De repente, Amelia grita. Luis sale de su trance y ve que una mano está tirando de la niña. Enseguida se pone de pie y empuja una masa corpulenta y blanda.

—¡Eh, tranquilo, tío! —dice el desconocido con marcado acento español—. No iba a haceros nada, pensé que la niña estaba sola.

—Es mi hija.

—No te había visto, pensé que estaba sola. ¿Necesitáis algo?

—Estamos muy bien —responde Amelia.

—Me alegra saberlo. Yo me llamo Carlos. ¿Y tú cuántos años tienes?

—Once —responde Luis—. Tiene once años y tenemos que irnos ya.

Luis le hace un gesto con la cabeza a Amelia y empiezan a caminar alejándose de él. Luis no está seguro de que se lo haya creído, pero no ha tenido tiempo para pensar nada mejor. Mira hacia atrás un par de veces y se asegura de que el tipo se vaya con sus asuntos a otra parte.
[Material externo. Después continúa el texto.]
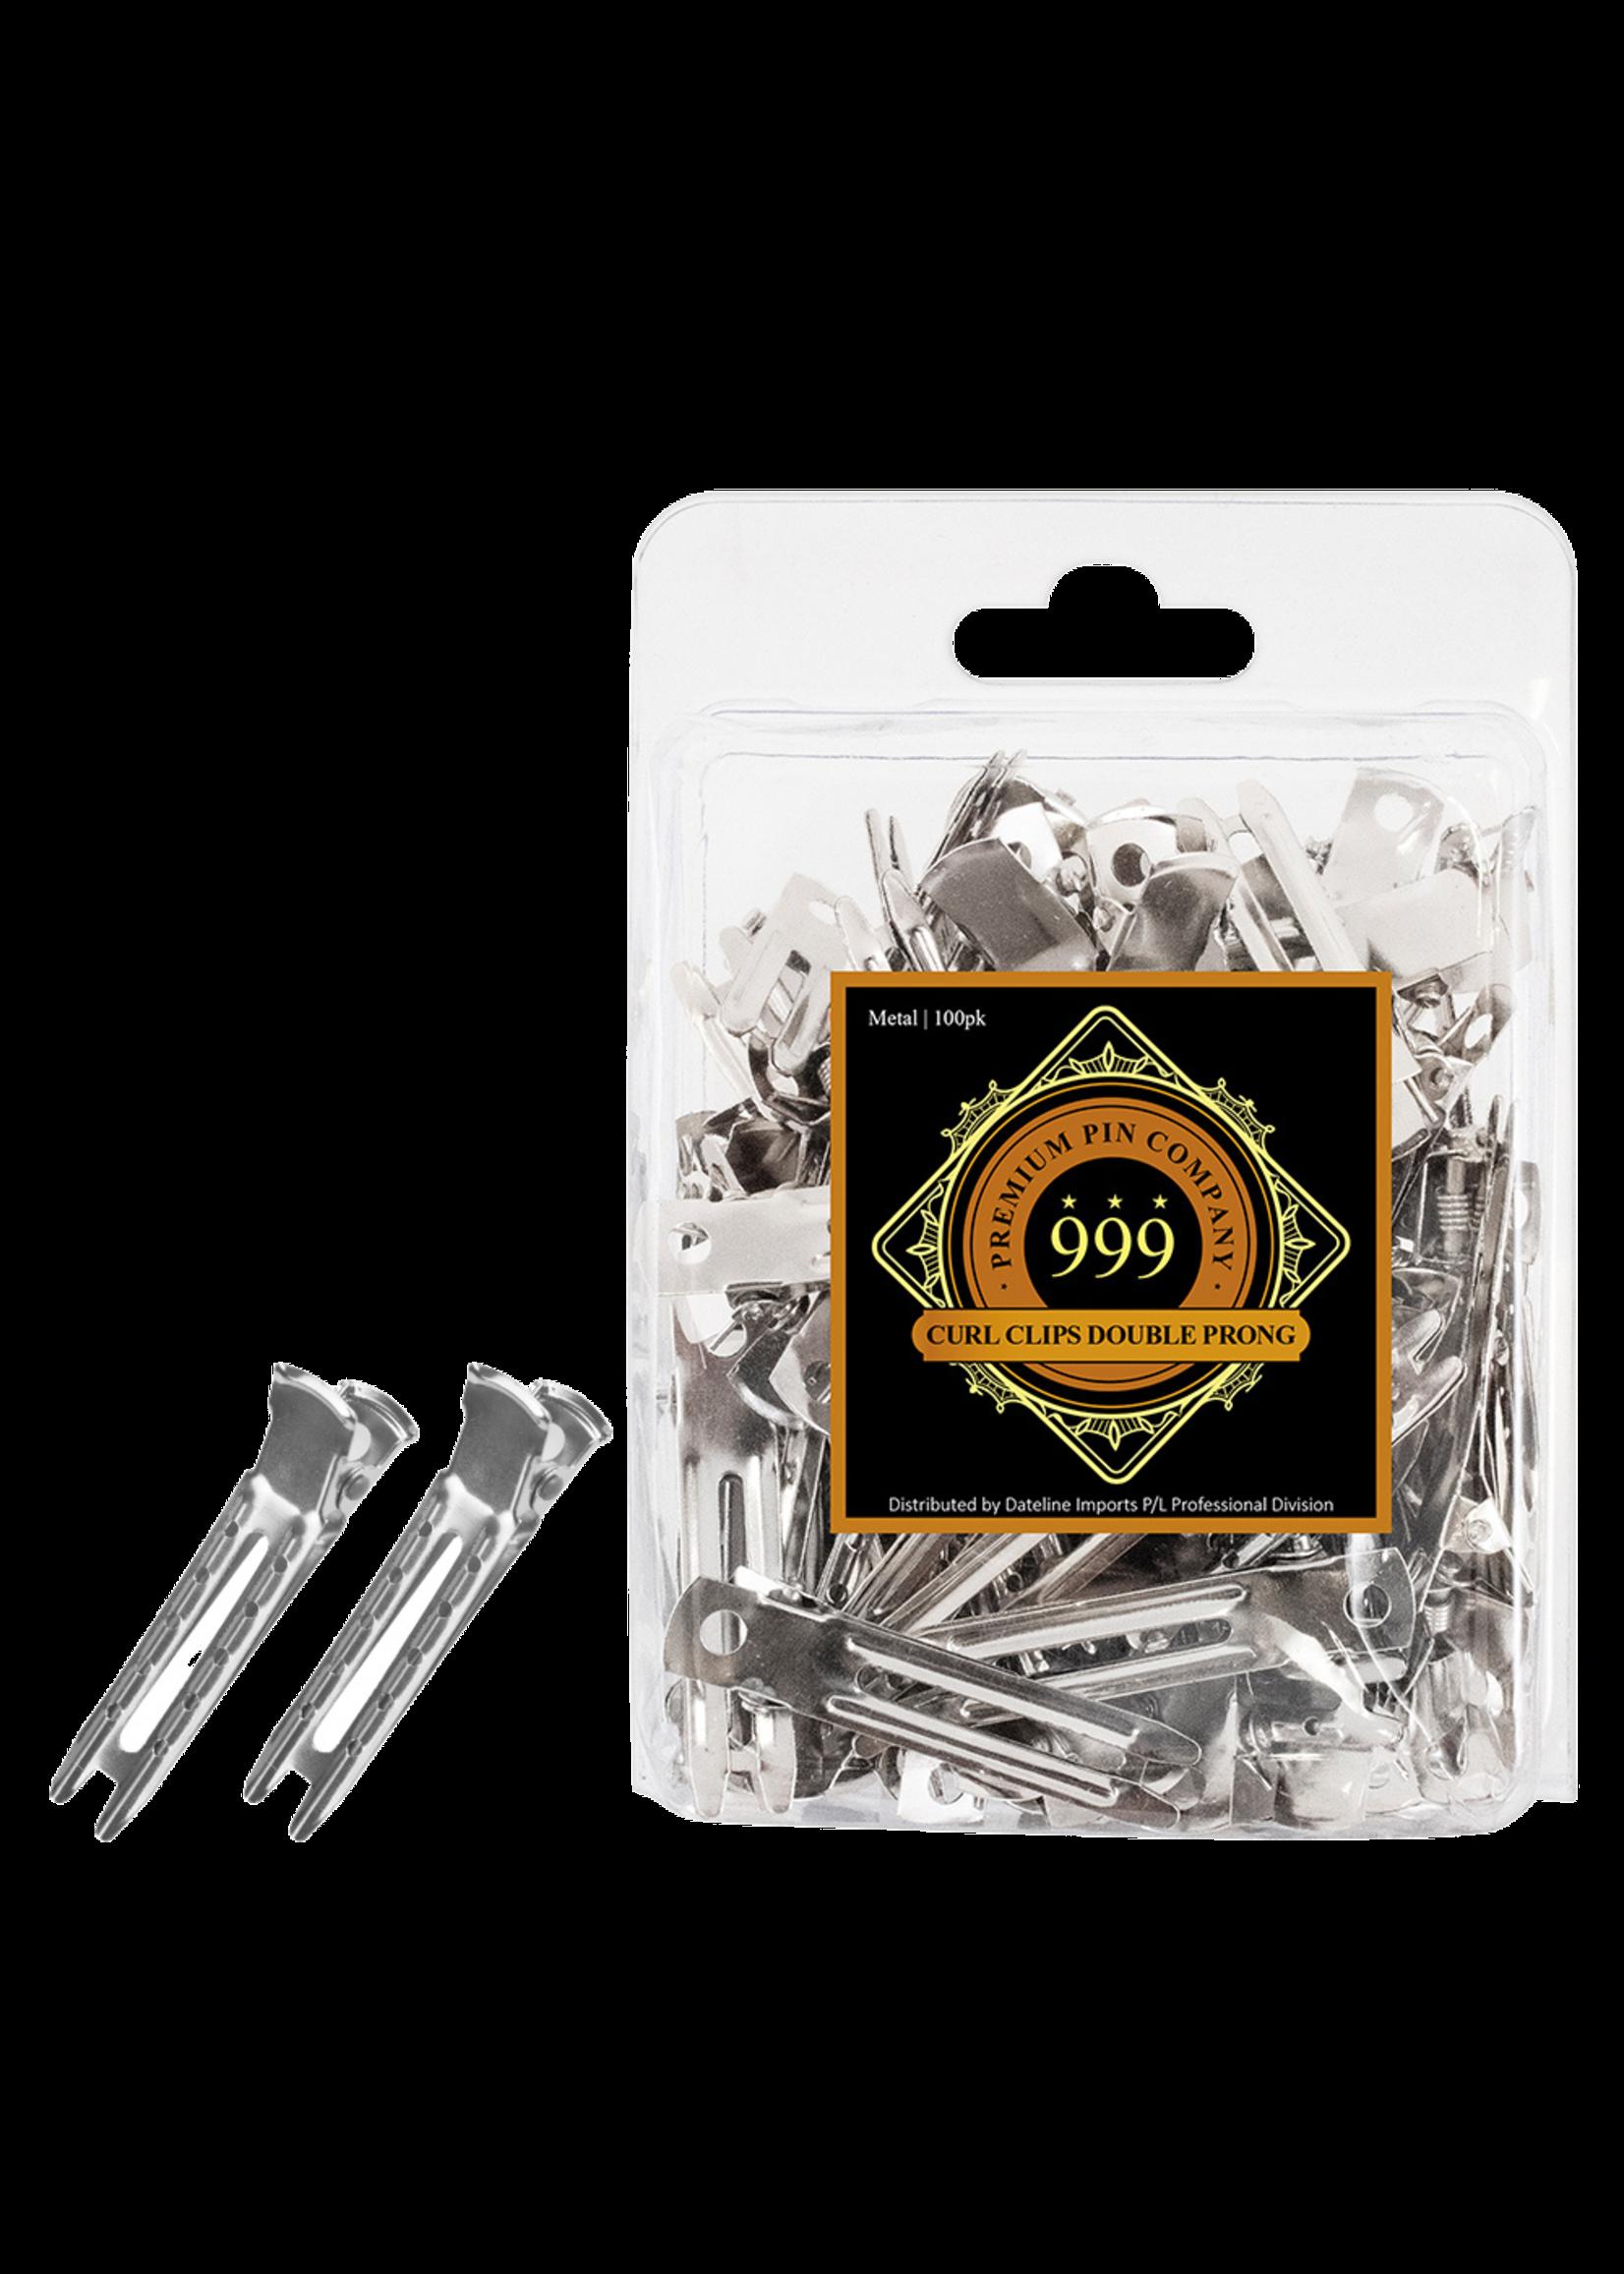 999 Premium Pin Company 999 Curl Clips Double Prong Metal 100pk

El museo no es un lugar seguro, pero no han encontrado nada mejor.

—Lo más probable es que hoy llueva —dice Luis, sentado sobre unas telas en la segunda planta—, así que pasaremos aquí otra noche más.

—¿Por qué le dijiste que tengo once años? ¿Por qué le mentiste?

—Porque hoy en día no nacen muchos niños y los que nacen son inmunes a ciertas cosas. ¿Me entiendes?